La biografía de Catharina de San Joan no es un ejemplo aislado, pues ese género literario se cultiva abundantemente en el siglo XVII. No obstante,   —130→   la mayoría de las vidas que hemos tenido oportunidad de conocer son más extensas y no tienen la calidad inmediata y oportuna de predicarse en la ceremonia fúnebre del personaje homenajeado. Tenemos los túmulos, los llantos, las pyras fúnebres, en los que se hace una semblanza biográfica del difunto: pero éstos son textos distintos y están dedicados a grandes personajes como reyes, arzobispos y virreyes; acompañan a una estructura arquitectónica (como la de los arcos triunfales); son patrocinados por el cabildo eclesiástico o por el civil y, literariamente, constituyen una auténtica miscelánea: contienen poesía y oraciones en latín y castellano, y también descripciones en prosa.

Pero si por las características señaladas anteriormente el texto de Aguilera es diferente de los otros escritos biográficos, también resulta excepcional por resumir, en su brevedad, la cualidad panegírica del túmulo y la composición programática de las vidas extensas. Por otro lado, el Sermón del jesuita se ciñe a la estructura retórico-didáctica y a la prédica doctrinal que el sermón tiene como género literario, y a sus cuatro partes esenciales: exordio, explicación, comprobación y peroración o conclusión.

Sin embargo, el escritor también se ajusta a los lineamientos de la biografía como género hagiográfico, el cual posee una larga y prestigiada tradición medieval que viene desde el siglo IV y que culmina, en el siglo XIII, con la célebre Leyenda dorada de Santiago de la Vorágine, «Pequeña joya gótica de la hagiografía»171, como la llama Jacques Le Goff.

De la obra del padre Aguilera, considerada más como biografía que como sermón, nos interesa destacar dos elementos esenciales: por un lado, el concepto de realidad y la mentalidad que se desprenden de este texto barroco novohispano; y por el otro, la conciencia literaria que el jesuita tiene en cuanto a la estructura y a los recursos narrativos que emplea para hacer de Catharina de San Joan la protagonista de un auténtico relato literario.

Con relación al concepto de realidad que priva en la época en la que viven Aguilera y su personaje, considero que son invaluables las palabras de Jorge Alberto Manrique:

  —131→  

En un mundo en que perduraron -por la estructura misma del primer siglo de la Conquista- tantos elementos de actitudes medievales, remachados en parte por el Concilio de Trento y más presentes en la tradición hispánica, la religión formaba el marco teórico fundamental que justificaba desde la moral hasta la política y que aglutinaba y daba sentido a todo el discurrir de la vida, ya individual, ya colectiva172.

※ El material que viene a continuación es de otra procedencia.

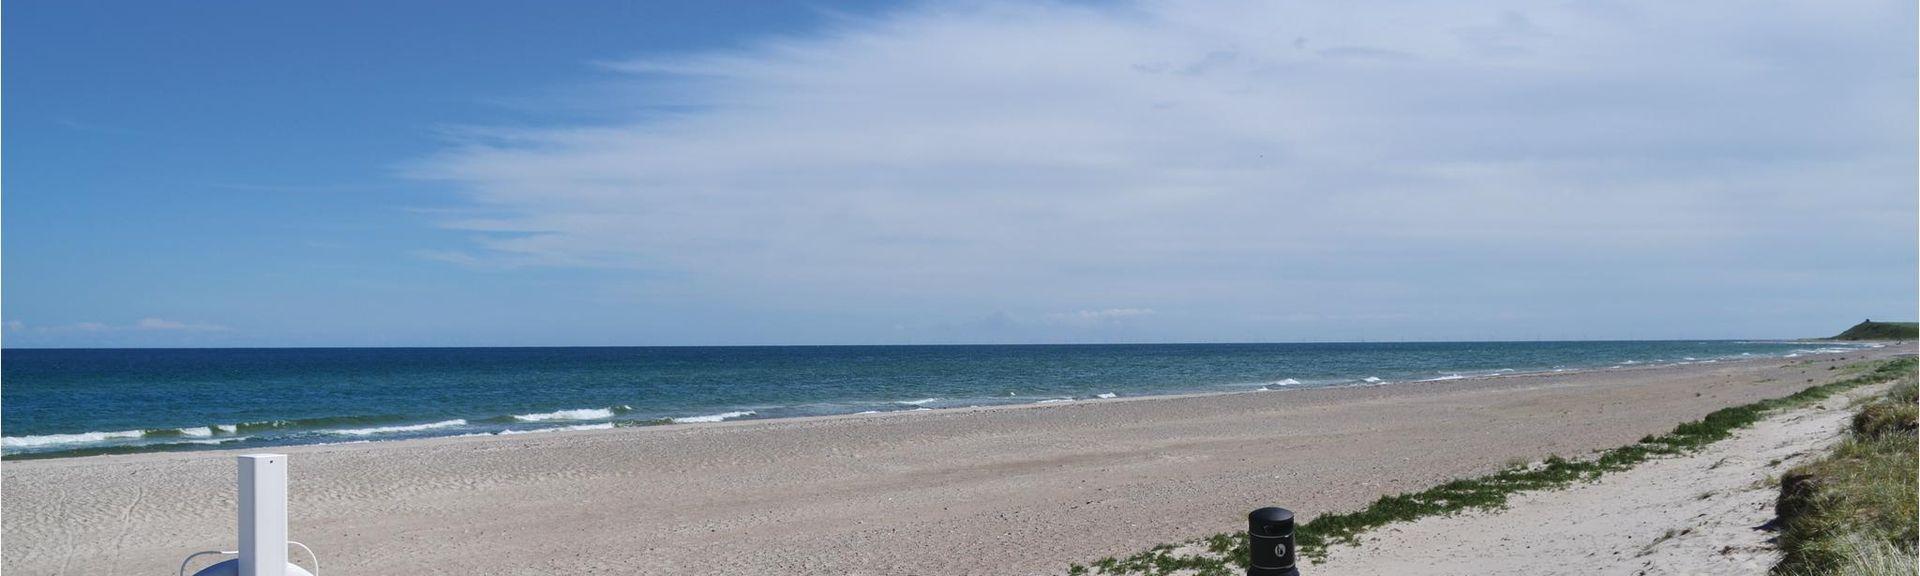 Nordstranden Beach, Grenaa, Midtjylland, Denmark

Es, en efecto, el pensamiento o más bien la actitud religiosa del hombre novohispano, la que permite que el prodigio y lo maravilloso formen toda una estructura mental y moral de valores que anulan, en buena medida, las fronteras entre lo fáctico y lo imaginario. La mentalidad novohispana se asemeja mucho a la medieval, en cuanto que: «La irrupción de lo maravilloso en lo cotidiano se verifica sin fricciones, sin fisuras. El reconocimiento de lo maravilloso en lo cotidiano es natural»173. La Iglesia no sólo regula los valores sociales e ideológicos, sino que logra que esos valores den una categoría especial de veracidad a los sucesos sobrenaturales. En la biografía de Catharina de San Joan vemos que hay una serie de elementos y episodios que son consustanciales a la verosimilitud que la heroína irradia, y que refuerzan su calidad y cualidad literarias. La protagonista se hace creíble, precisamente porque el portento y lo maravilloso forman parte de su realidad inmediata. El milagro no es tan excepcional como lo es para nosotros, ya que se integra normalmente en lo que Le Goff llama: «la ortodoxia de lo sobrenatural»174. En otras palabras, podemos decir que el contexto cultural inserta al hombre en la naturalidad de lo sobrenatural.

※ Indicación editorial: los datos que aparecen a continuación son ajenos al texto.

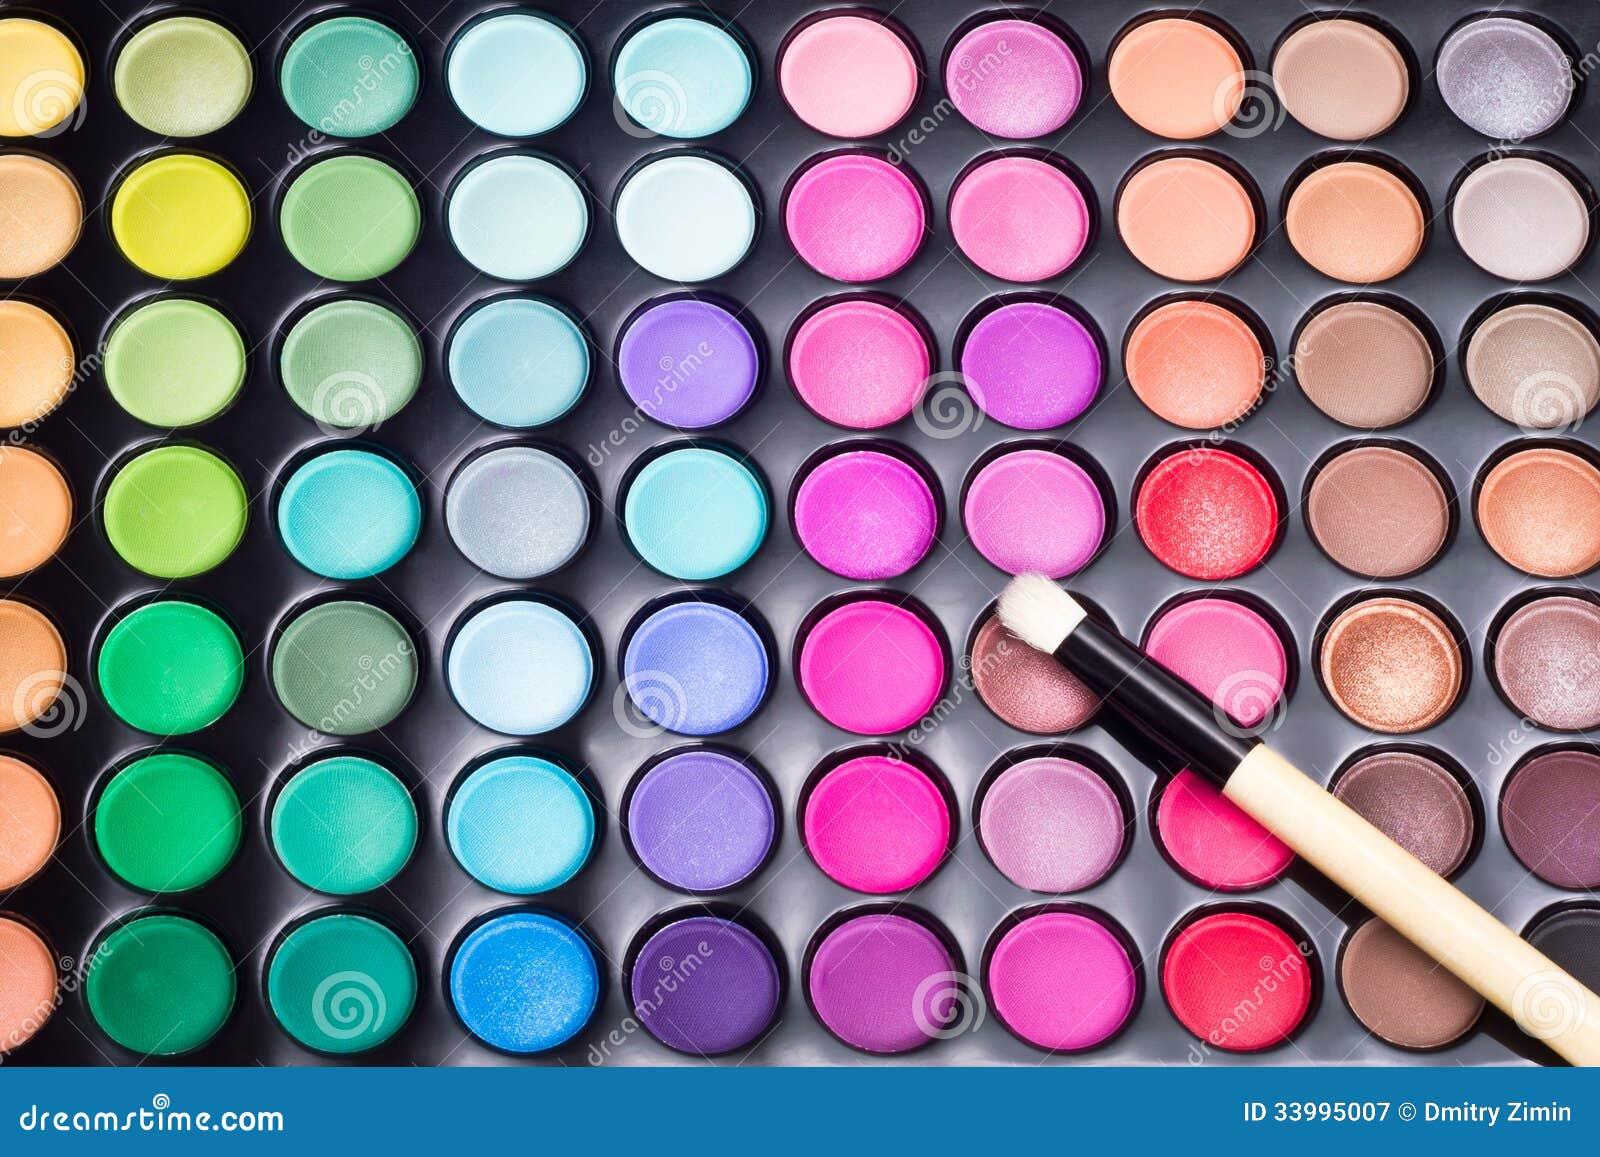 animated makeup wallpaper - photo #46

Así, resulta «normal» para la heroína que: «Las nuves, mojando a otros caminantes con reçios aguaçeros, a ella le hazían como un toldo de christal para que no le tocara ni una gota»175. También es verosímil que Catharina:

  —132→  

Otra vez encontró en essa calle un perro muerto, dividida la cabeça del cuerpo, por averle passado una carreta por encima; y movida a compassión, hizo que se lo llevaran a su cassa, y puesta en oración por la vida del perro, se levantó éste, con asombro de todos, vivo, y sin señal de su tragedia passada176.



Las referencias anteriores nos aproximan a este concepto de realidad, en el que no existe una separación rotunda entre lo inmediato y lo trascendente, que se presentan como categorías relativamente complementarias y no rotundamente antagónicas. A partir de esta imagen del mundo podemos acercarnos más estrechamente al texto que nos ocupa, y aprehender no sólo los valores ideológicos que postula, sino captar el modelo literario que Aguilera sigue en su escrito.

Como señalamos anteriormente, es indudable que el autor tiene en mente los prestigiados modelos hagiográficos que siguen vigentes hasta su tiempo. Es por ello que el jesuita, al igual que otros de sus contemporáneos, es fiel a una serie de convenciones y de recursos retóricos inherentes a esta tradición. De ahí su conciencia creadora de centrarse en la identidad protagónica de Catharina:

¿Quién es ésta? Quae est ista? Que a esto sólo venimos, ni yo vengo a otra cosa, pues a esta sola pregunta me mandan que responda, y sin empeñarme en prolixos discursos, en conceptos subtiles, que me fuera más fácil, que reducir a este Sermon una vida, quanto más exemplar, tanto más dilatada, os respondo desde luego, por llevar algún hilo, que se sirva de reclamo en la narración, con la misma pregunta que hizieron los Ángeles de esa misma Alma santa al nacer177.



A partir de esta interrogación admirativa, Aguilera, como buen escritor que es, construye a su personaje intercalando técnicas, elementos y anécdotas, provenientes tanto de la hagiografía como de los relatos   —133→   novelescos. Veamos cómo, a partir de estos dos modelos textuales, el autor elabora su narración.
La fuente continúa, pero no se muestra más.